ECLI:NL:HR:2010:BM2562
Hoge Raad
- Cassatie
- F.H. Koster
- B.C. de Savornin Lohman
- M.A. Loth
- Rechtspraak.nl
Vernietiging van een uitspraak inzake ontneming van wederrechtelijk verkregen voordeel na vrijspraak
In deze zaak heeft de Hoge Raad op 13 juli 2010 uitspraak gedaan in een cassatieprocedure tegen een eerdere uitspraak van het Gerechtshof te Amsterdam. De zaak betreft een vordering tot ontneming van wederrechtelijk verkregen voordeel van de betrokkene, die in hoger beroep was vrijgesproken van verschillende strafbare feiten. De Hoge Raad oordeelde dat het Hof ten onrechte een betalingsverplichting had opgelegd voor wederrechtelijk verkregen voordeel dat was verkregen door een feit waarvan de betrokkene was vrijgesproken. De Hoge Raad vernietigde de bestreden uitspraak en verwees de zaak terug naar het Gerechtshof te Amsterdam voor een nieuwe behandeling.
De betrokkene was in eerste instantie veroordeeld door de rechtbank Haarlem voor deelname aan een criminele organisatie en het medeplegen van handelen in strijd met de Wet wapens en munitie.
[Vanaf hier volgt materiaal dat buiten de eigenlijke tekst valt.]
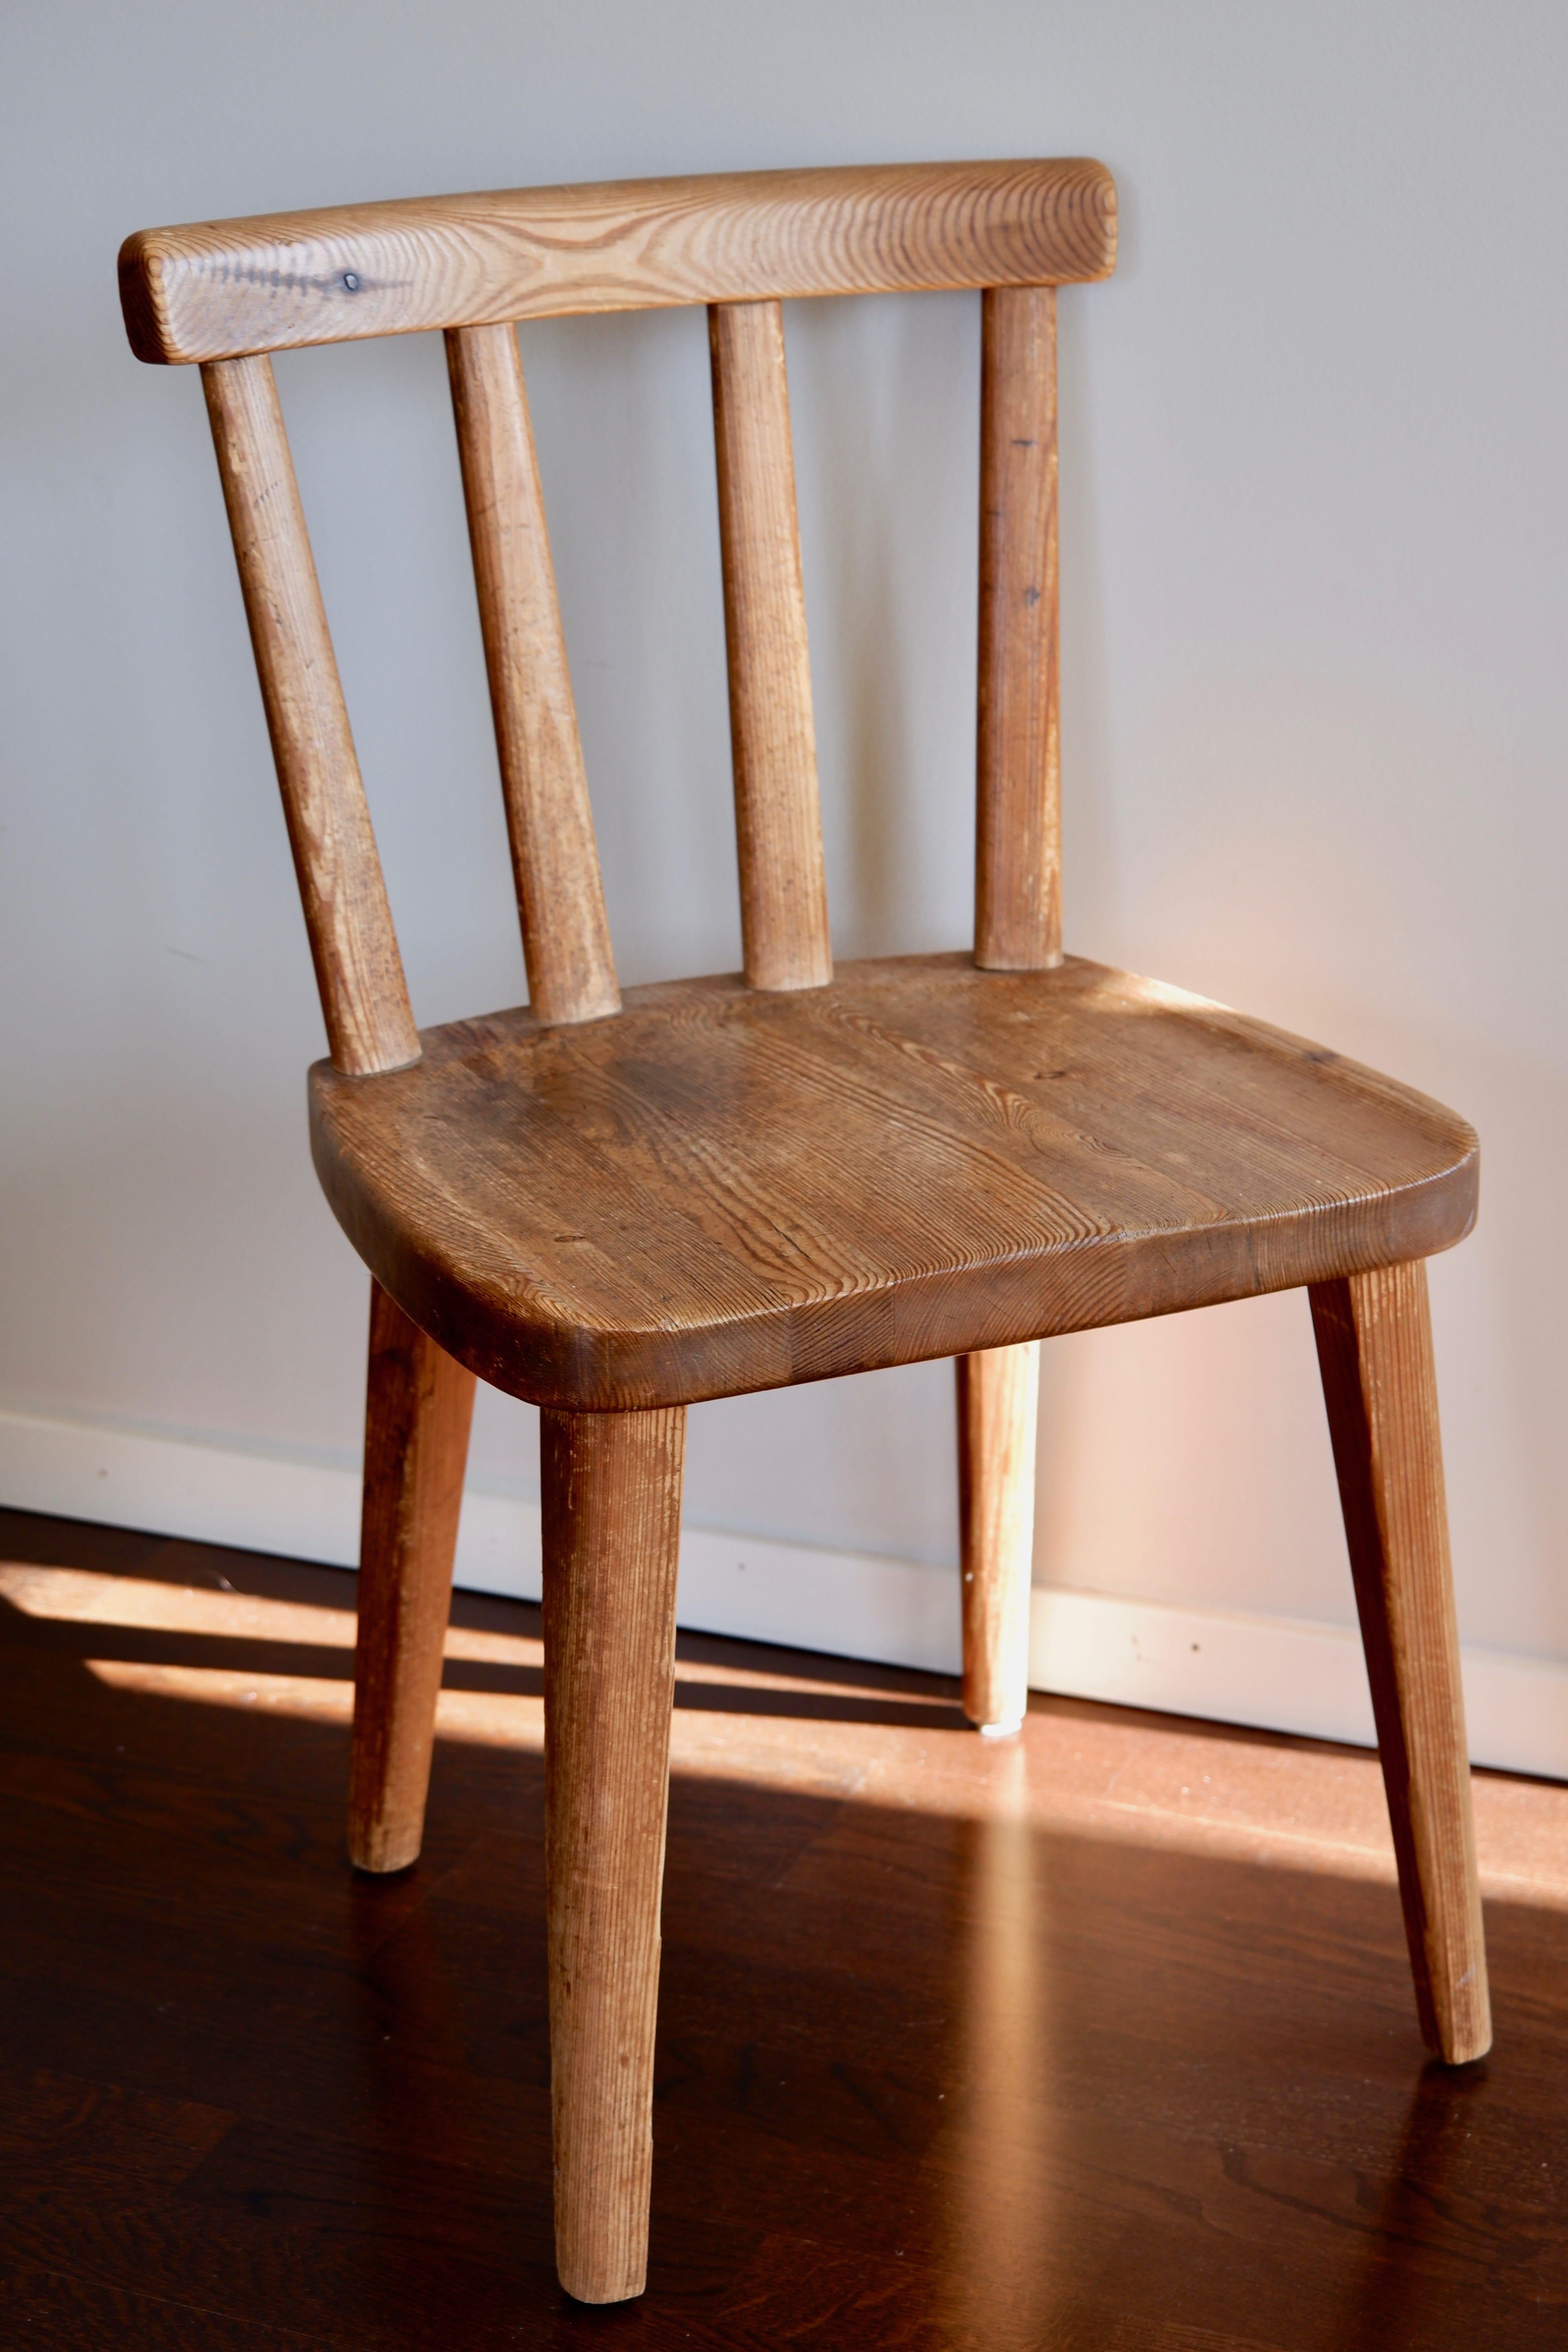 Authentische Axel Einar Hjorth utö Stühle, entworfen 1932 und hergestellt in den 30er Jahren von Nordika Kompaniet. Der Stuhl ist in einem guten Zustand, stabil, mit einer authentischen und unberührten Patina. Der Stuhl ist aus massivem Kiefernholz
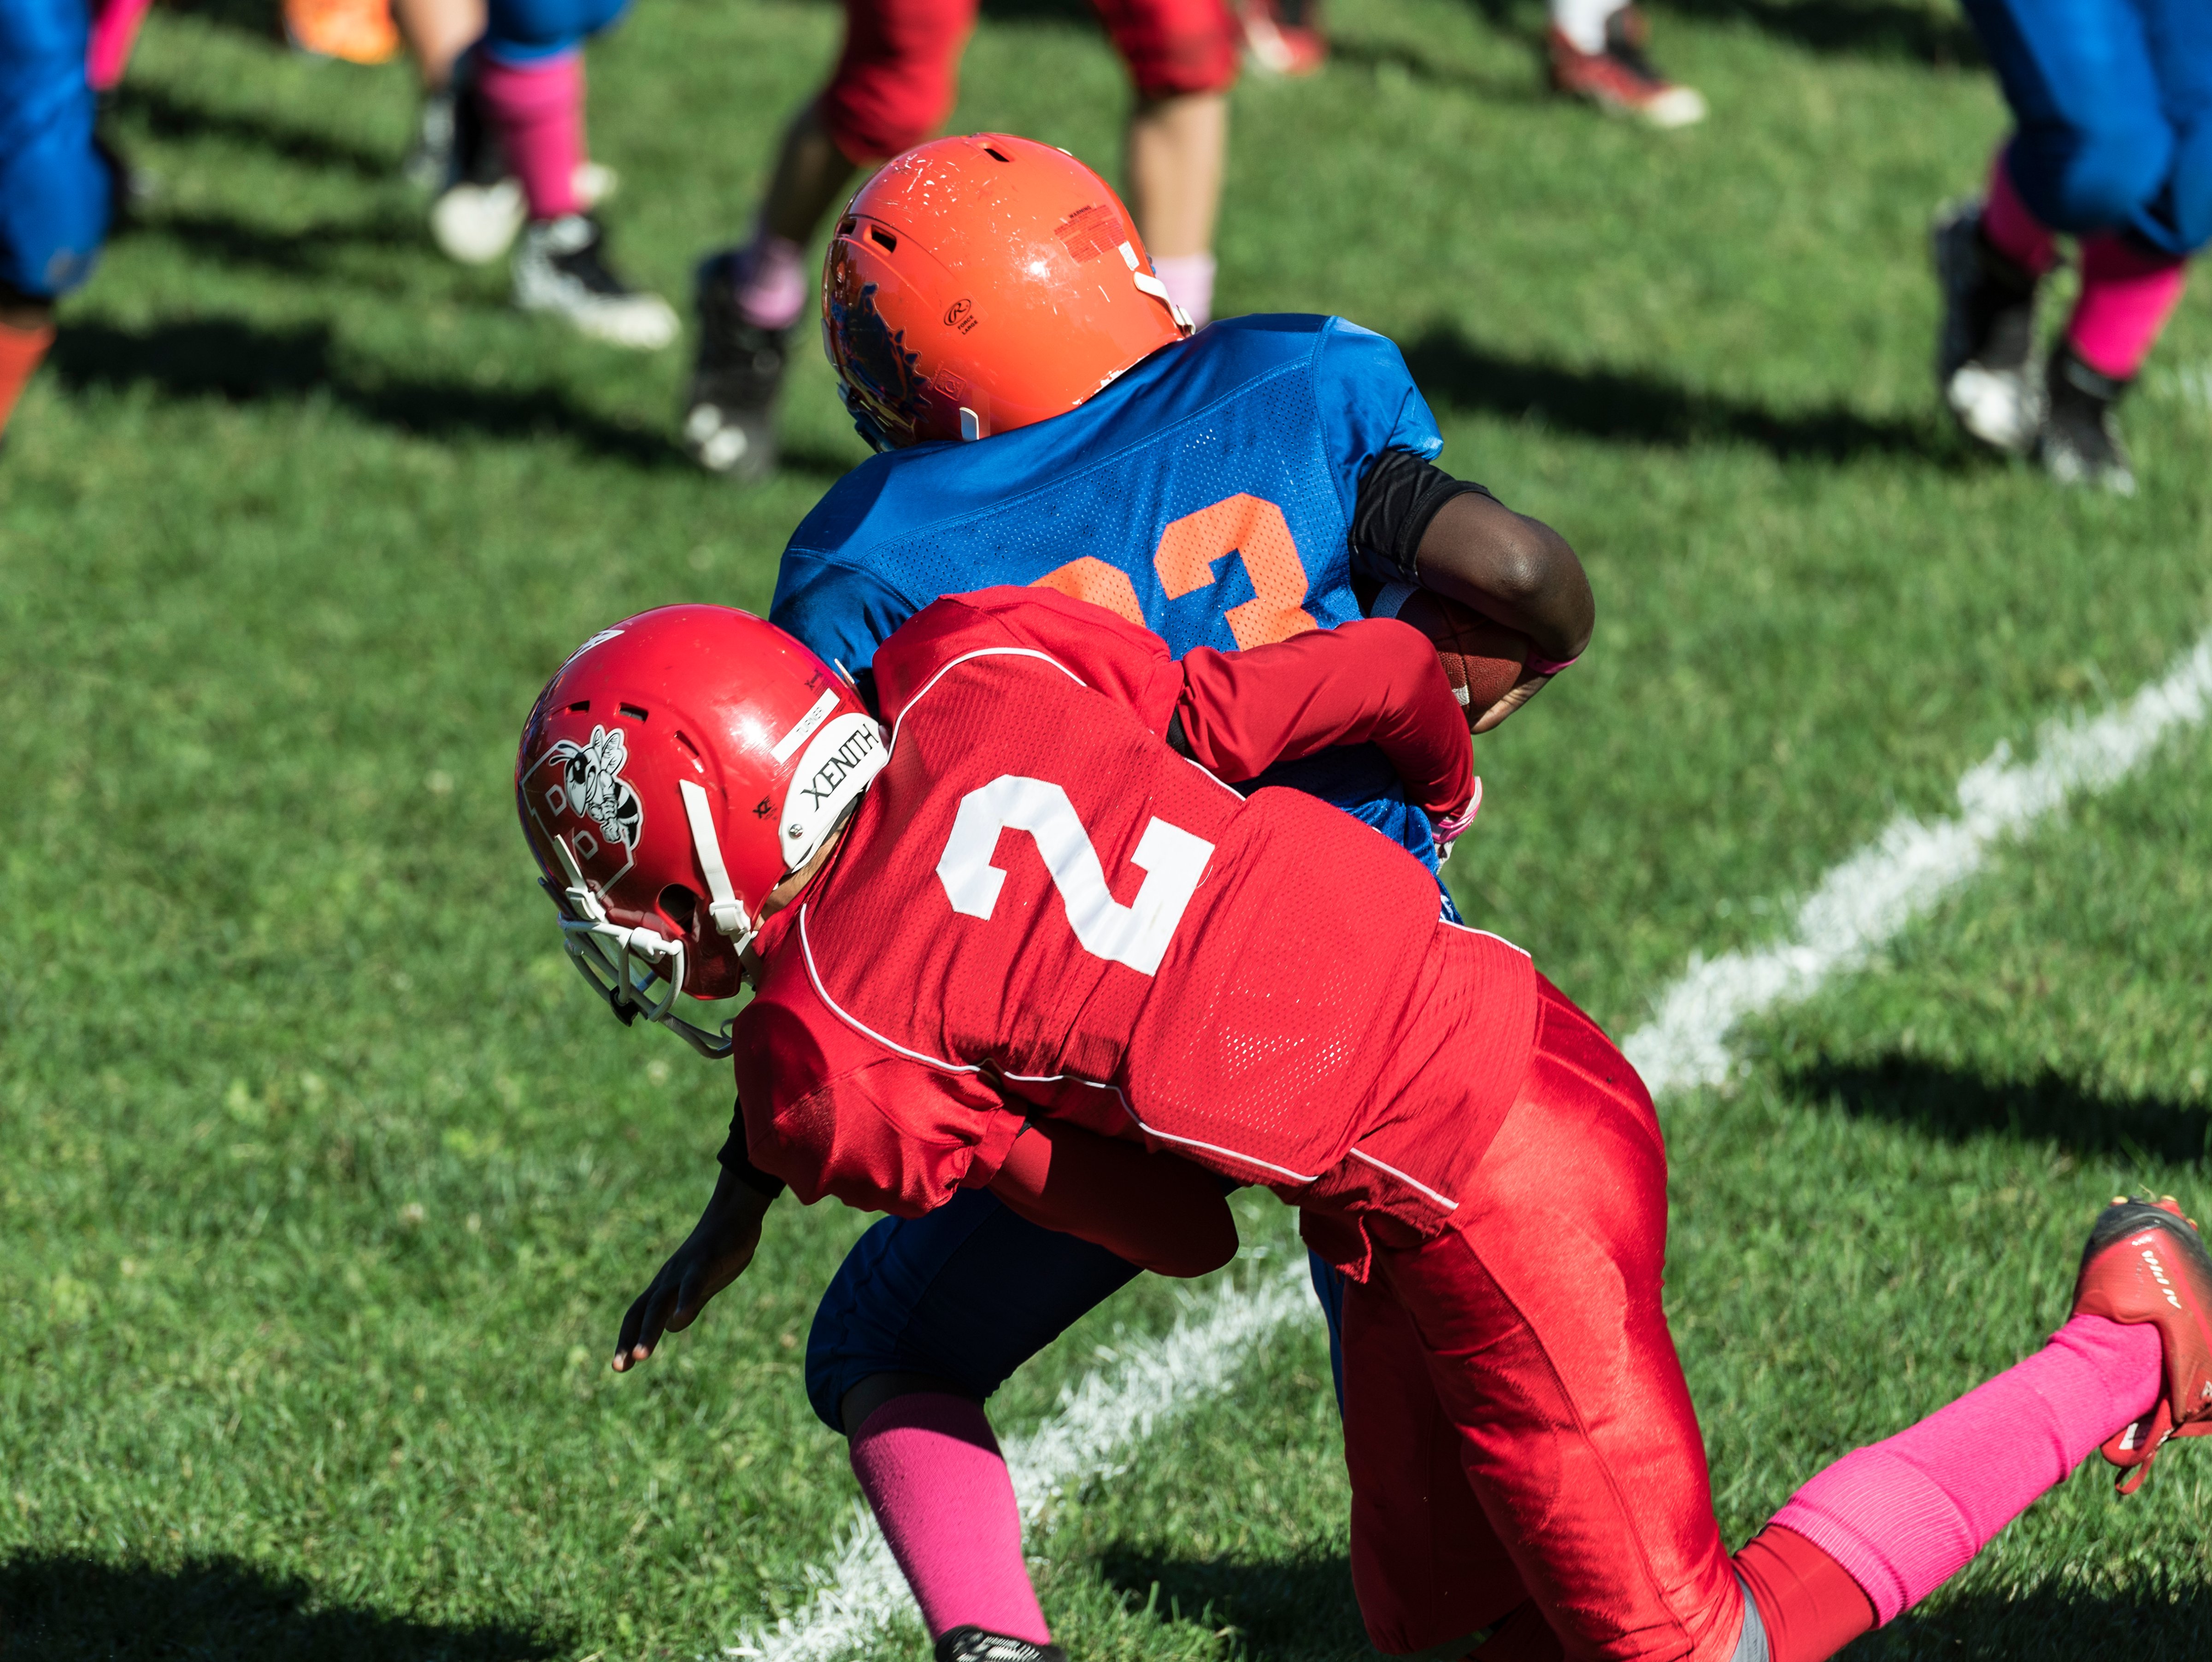 Making a tackle during a Pop Warner football game. (John Greim—LightRocket via Getty Images)

Echter, in hoger beroep werd hij vrijgesproken van de meeste tenlastegelegde feiten. Het Hof had in zijn uitspraak de schatting van het wederrechtelijk verkregen voordeel gebaseerd op de veronderstelling dat de betrokkene betrokken was bij criminele activiteiten, terwijl hij van deze feiten was vrijgesproken. Dit leidde tot de conclusie dat de uitspraak van het Hof ontoereikend gemotiveerd was.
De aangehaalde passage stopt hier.